On 25/03/13 05:32 AM, Ino de Bruijn wrote:
> Dear Sébastien Boisvert,
>
> I am trying to assemble a paired-end Illumina Hiseq library of about 1
> billion reads. I ran Ray with:
>
> mpiexec -n 1024 Ray \
> -k \
> 31 \
> -i \
> metassemble/assemblies/ray/pair.fastq \
> -o \
> metassemble/assemblies/ray/out_31 \
> -read-write-checkpoints \
> metassemble/assemblies/ray/out_31.cp \
> -route-messages
Without other arguments, -route-messages will use a de Bruijn graph for
routing, which is not really good.
What is your interconnect ?
Do you have Infiniband ?
Use this instead (the polytope is the best routing engine in RayPlatform):
-route-messages -connection-type polytope -routing-graph-degree 62
(from https://github.com/sebhtml/ray/blob/master/Documentation/Routing.txt )
>
> For k=31 the assembly succeeds in ~9h on 1,024 cores. If I try higher values
> of k (i.e. {41..81..10}), the run
> is exited by the scheduler after a day (max run time is one day). If I look
> at the log of the stdout it seems
> like only Rank 0 is doing something at the end. Here are are a couple of
> lines from the output:
>
Well, you are using a de Bruijn graph for routing your messages. A de Bruijn
graph is theoretically cool for routing messages,
but in practice it's very bad because it's not adaptative and it's just a pit
containing so many choke points.
From the manual https://github.com/sebhtml/ray/blob/master/MANUAL_PAGE.txt :
-connection-type type
Sets the connection type for routes.
Accepted values are debruijn, hypercube, polytope, group,
random, kautz and complete. Default is debruijn.

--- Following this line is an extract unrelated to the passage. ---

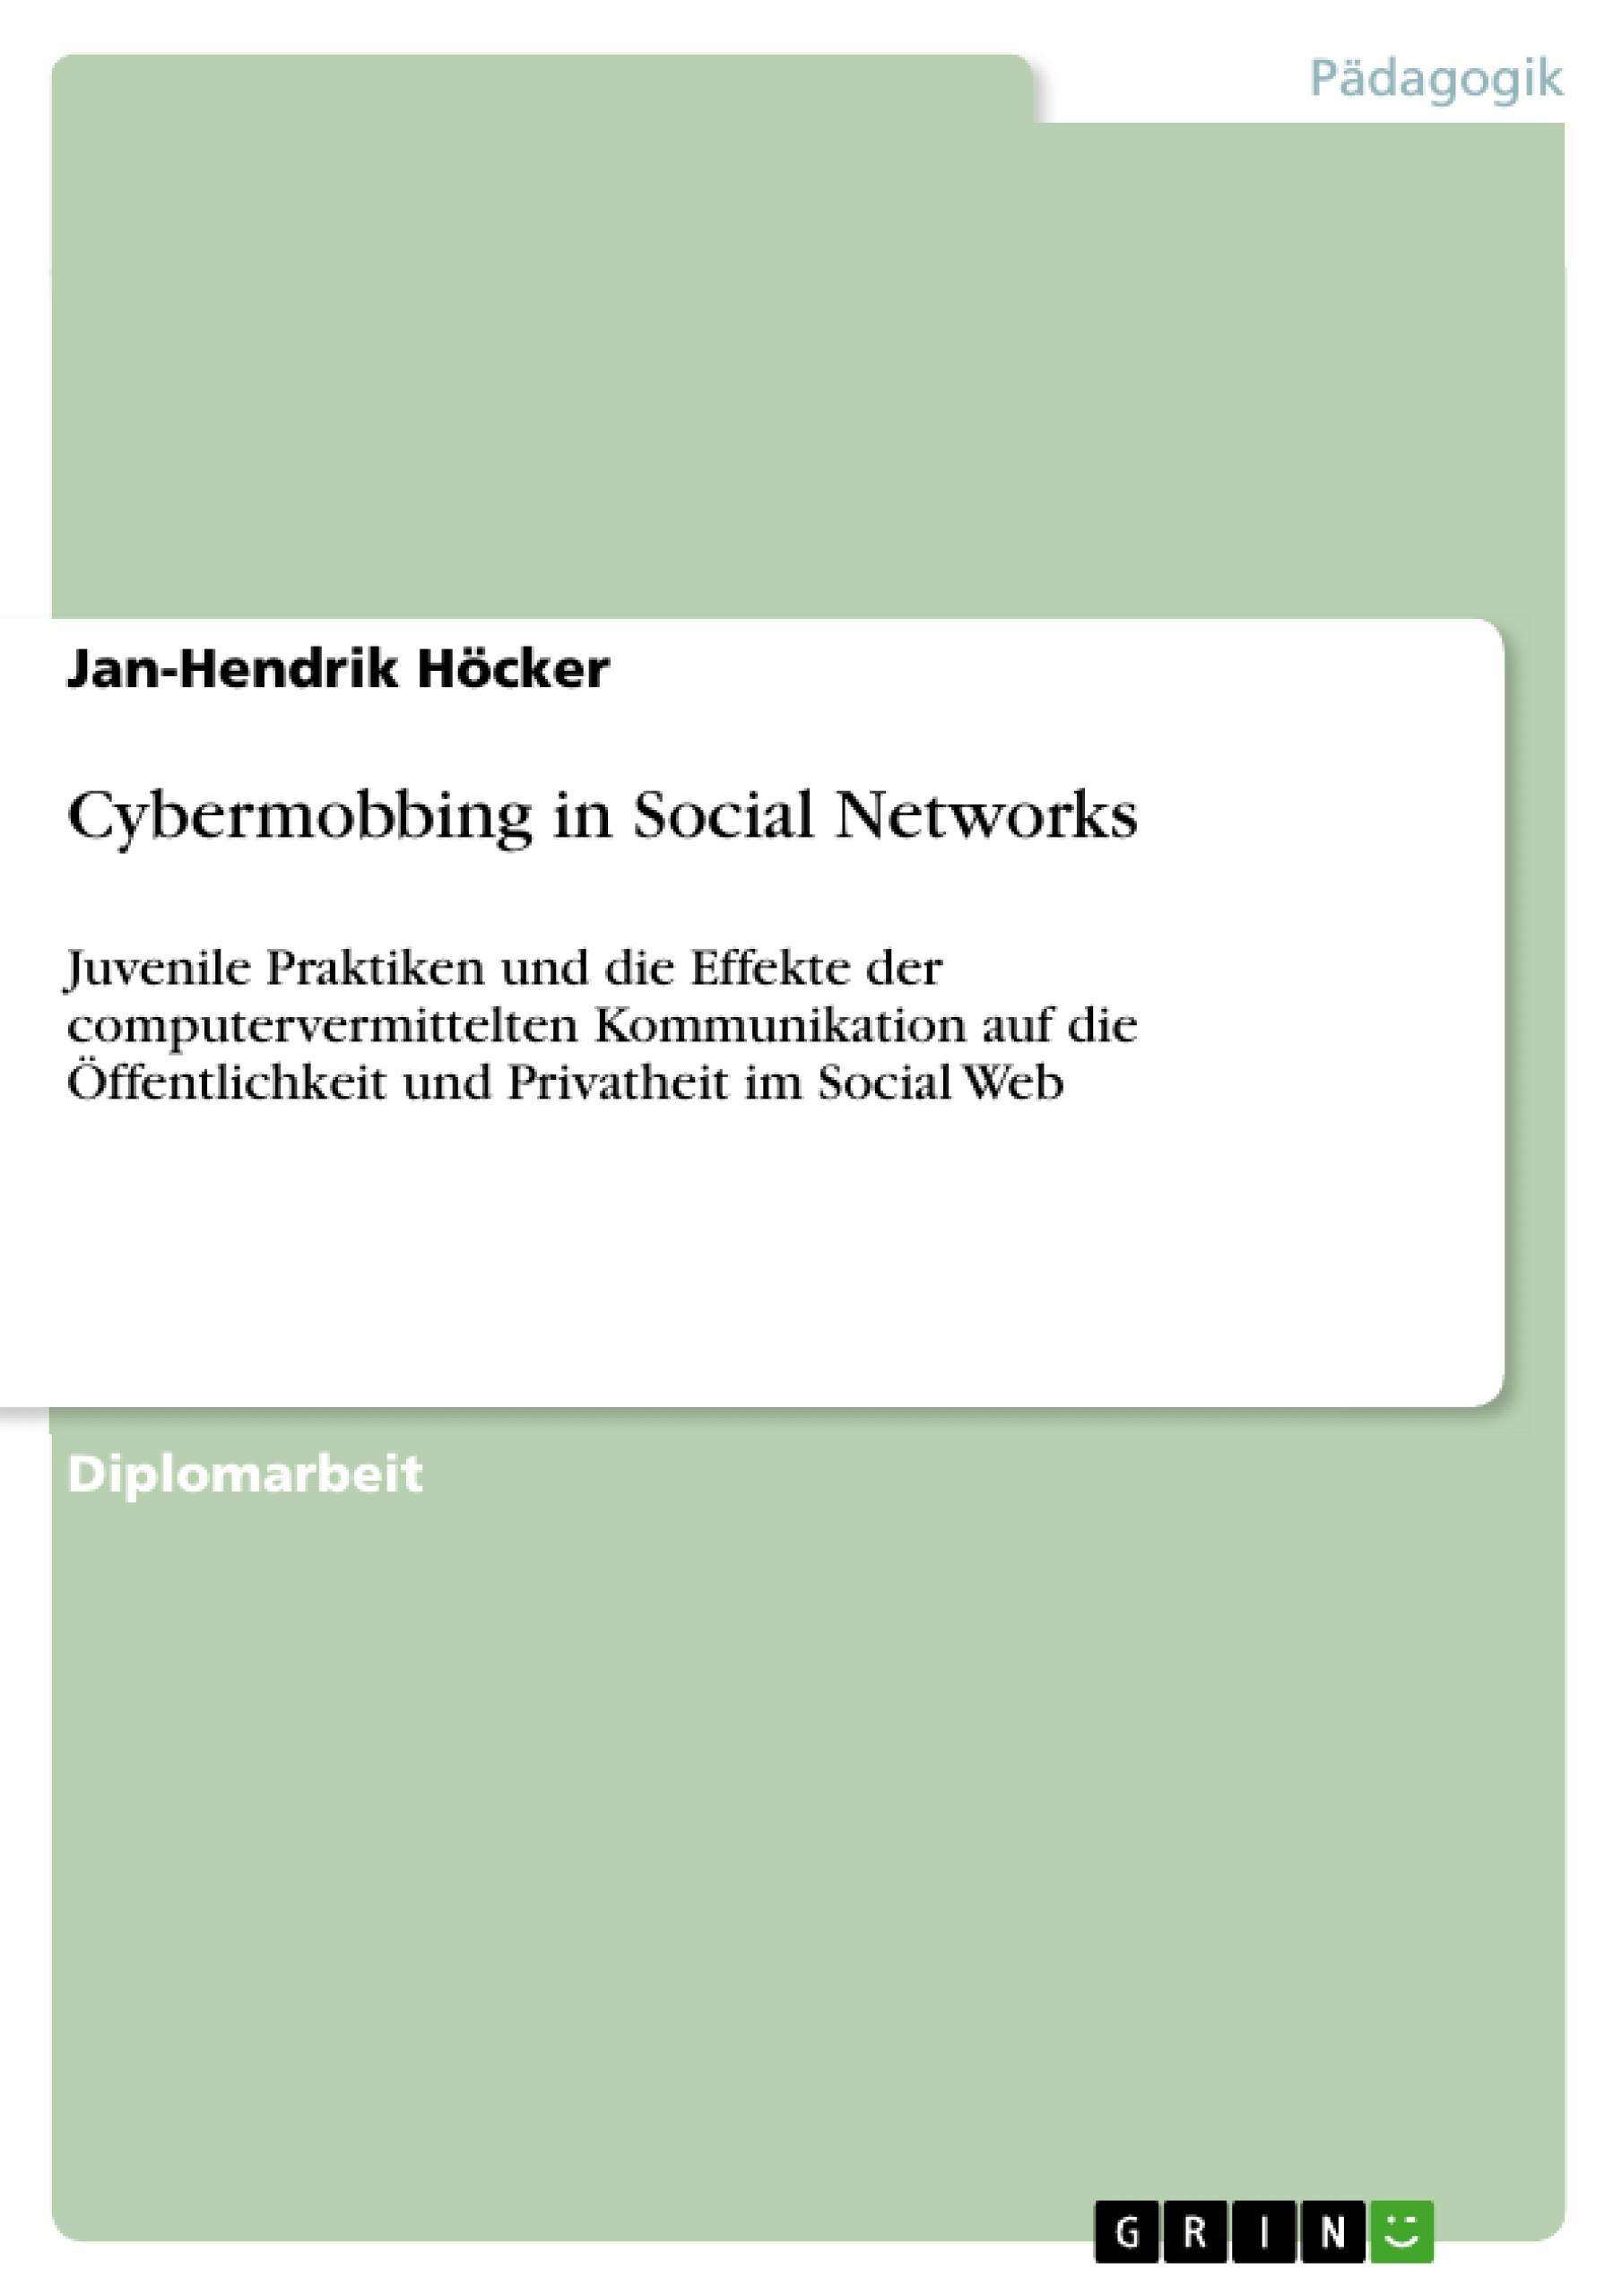 Titel: Cybermobbing in Social Networks

> Rank 0 is counting k-mers in sequence reads [51200001/249559758]
> Speed RAY_SLAVE_MODE_ADD_VERTICES 4909 units/second
> Estimated remaining time for this step: 11 hours, 13 minutes, 27 seconds
>
> This keeps going while only Rank 0 is outputting. The final message says
> there are 30 minutes left for k=41. For 51 and 61 it is around 10-20h left
> and for k=71 and k=81 it is about an hour again.
You should definitely use the polytope. It has no choke points, and routes are
adaptative (i.e. messages between A and B will use several paths).
> Does it only use Rank 0 at this step because this step can only be done by
> one core or is the graph that Rank 0 contains highly complex or something?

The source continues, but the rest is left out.